#### YOUR INSTRUCTIONS:
Only the pictures should be left out; write out all other data exactly.

#### SUPPLIED MATERIAL:
□ □ □ □ □ □ □

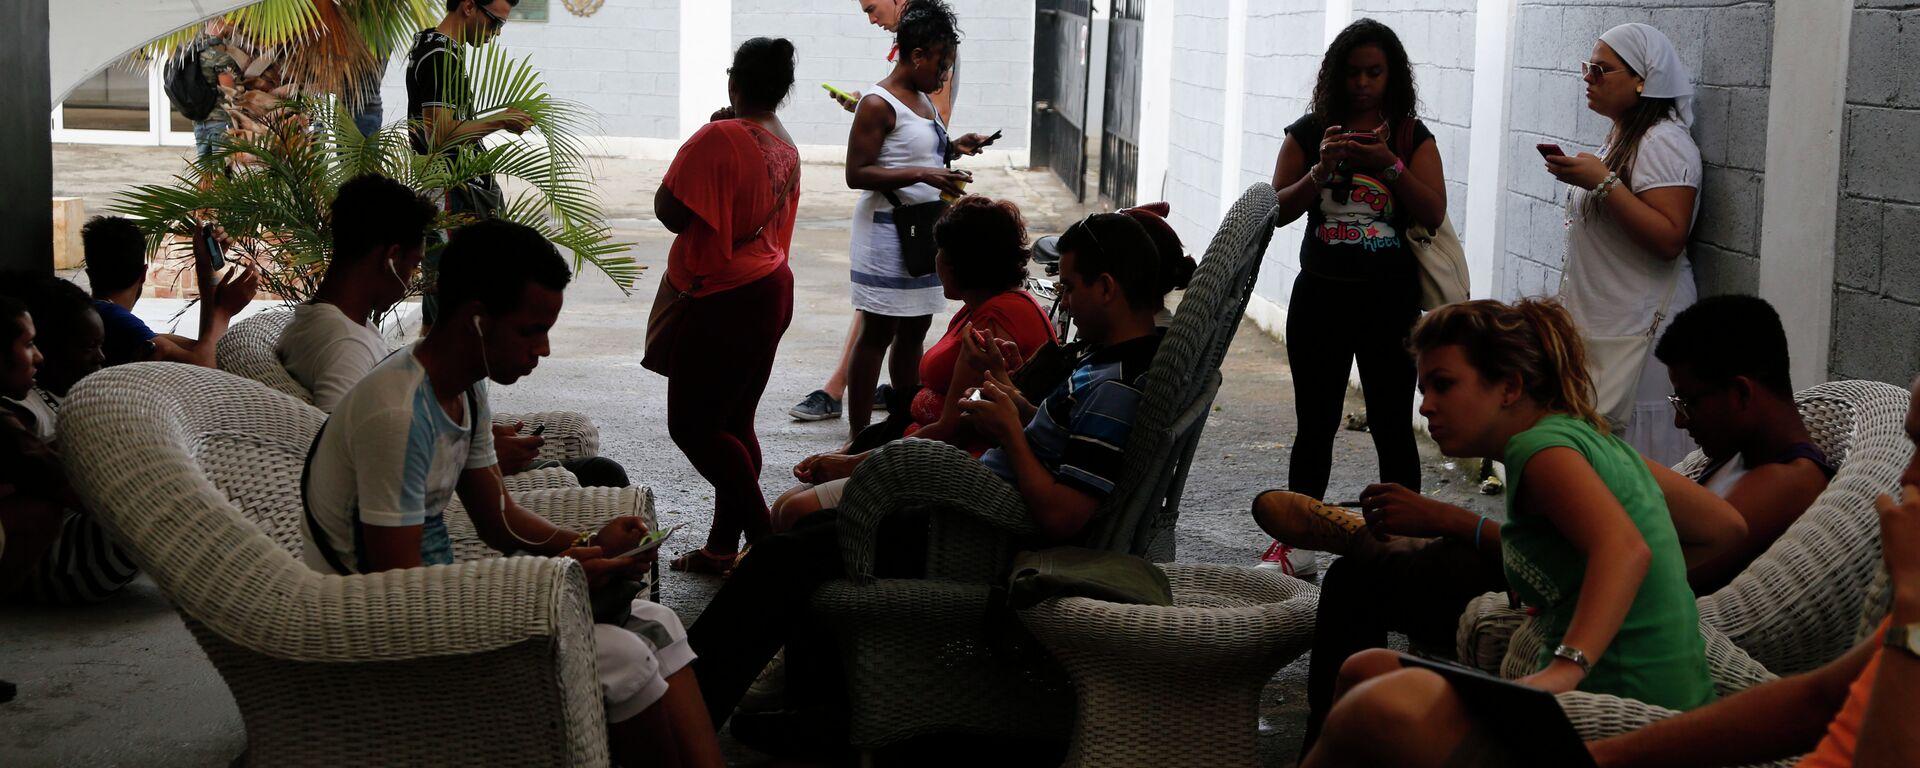 People use a free Wi-Fi network at a center run by famed artist Kcho, in Havana, Cuba, Wednesday, March 11, 2015.  - Sputnik Mundo, 1920, 11.08.2021
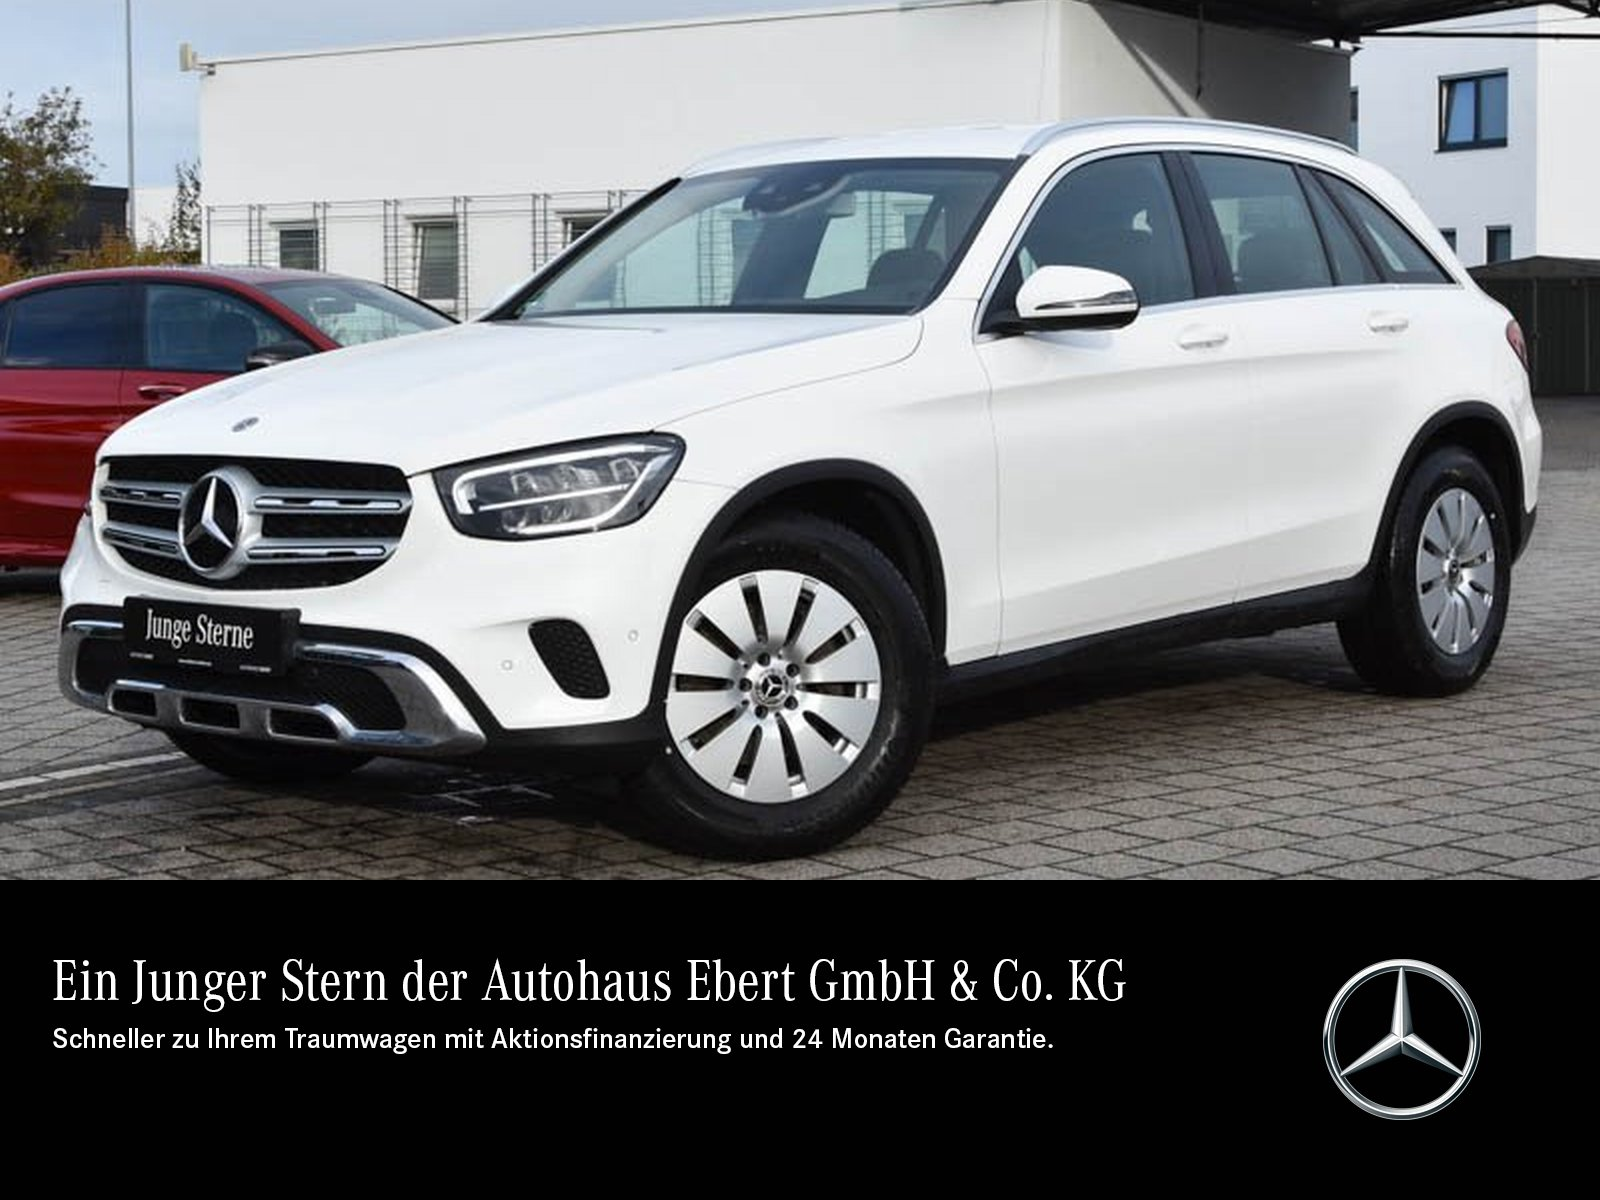 Mercedes-Benz GLC 200 4M 9G+NAVI-PREMIUM+AHK+LED+PTS+EASY-PACK, Jahr 2019, Benzin
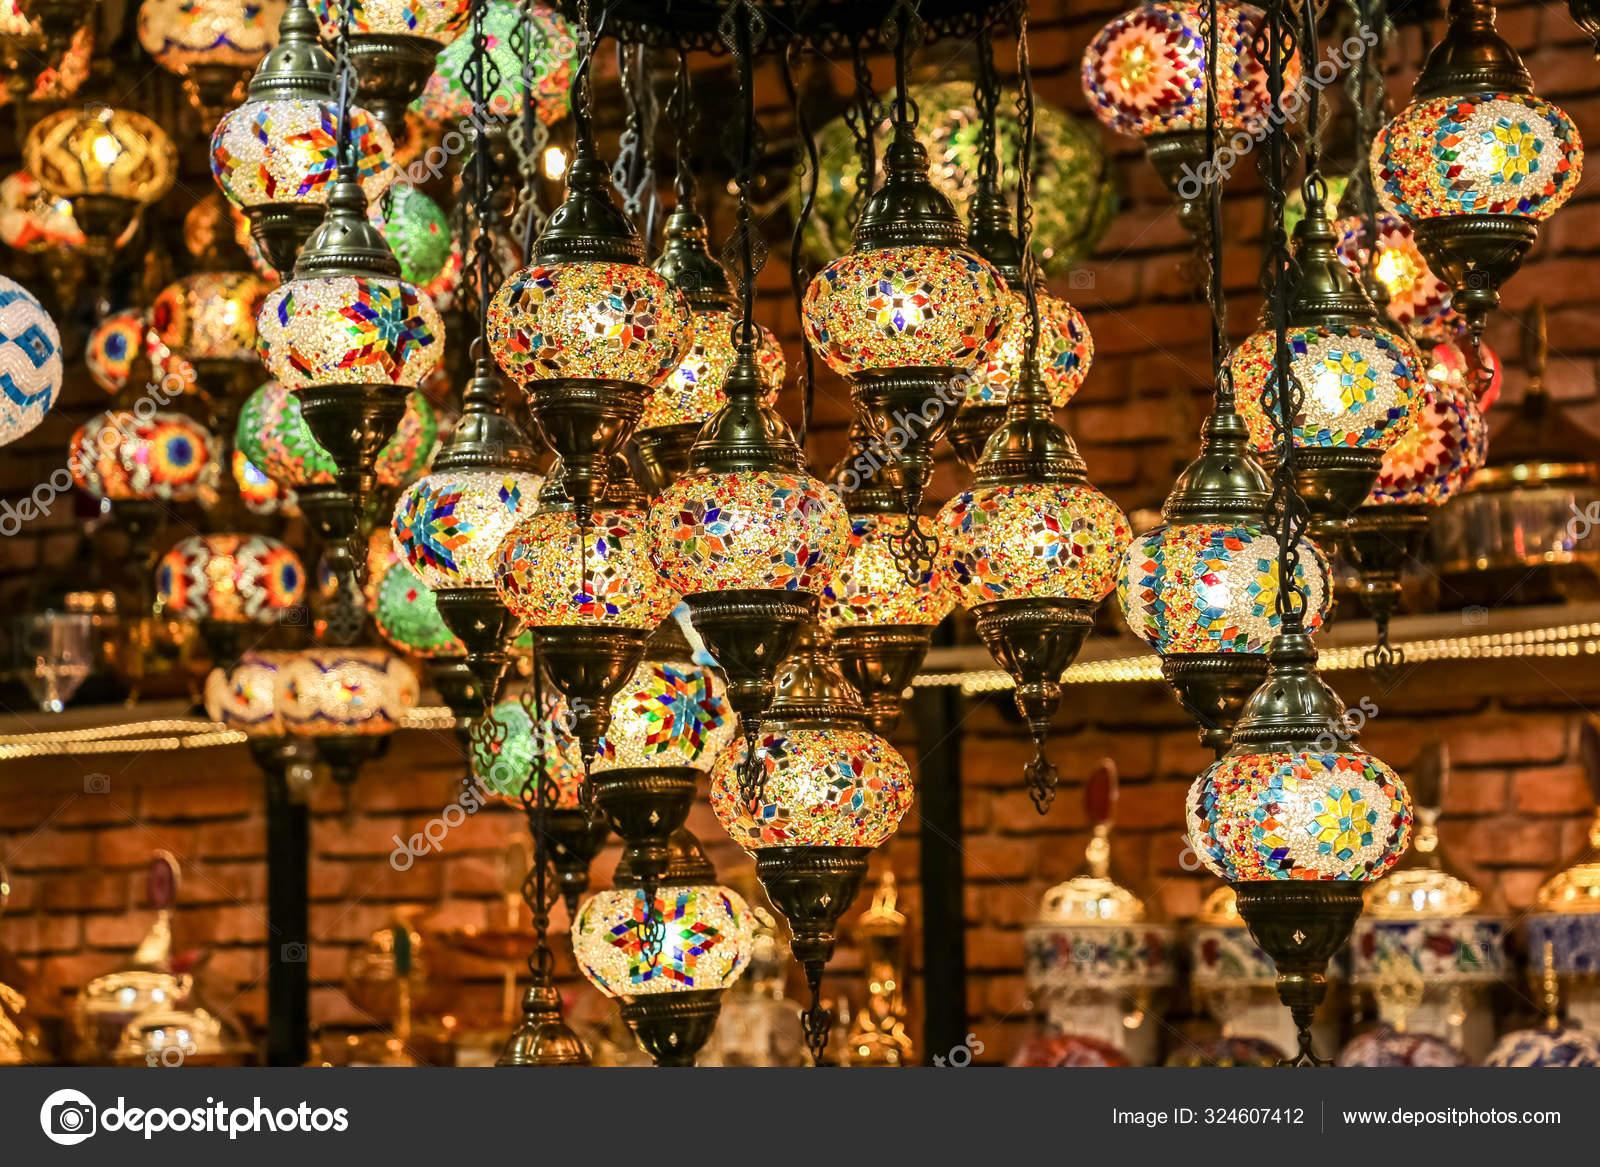 Decorative Turkish Lights Traditional Colourful Lights Hanging Lamps Istanbul Turkey Stock Photo C Clicksbyabrar 324607412

□ □ □ □ □ □ □

#### TASK RESPONSE:
 People use a free Wi-Fi network at a center run by famed artist Kcho, in Havana, Cuba, Wednesday, March 11, 2015.  - Sputnik Mundo, 1920, 11.08.2021
 Mercedes-Benz GLC 200 4M 9G+NAVI-PREMIUM+AHK+LED+PTS+EASY-PACK, Jahr 2019, Benzin
 Decorative Turkish Lights Traditional Colourful Lights Hanging Lamps Istanbul Turkey Stock Photo C Clicksbyabrar 324607412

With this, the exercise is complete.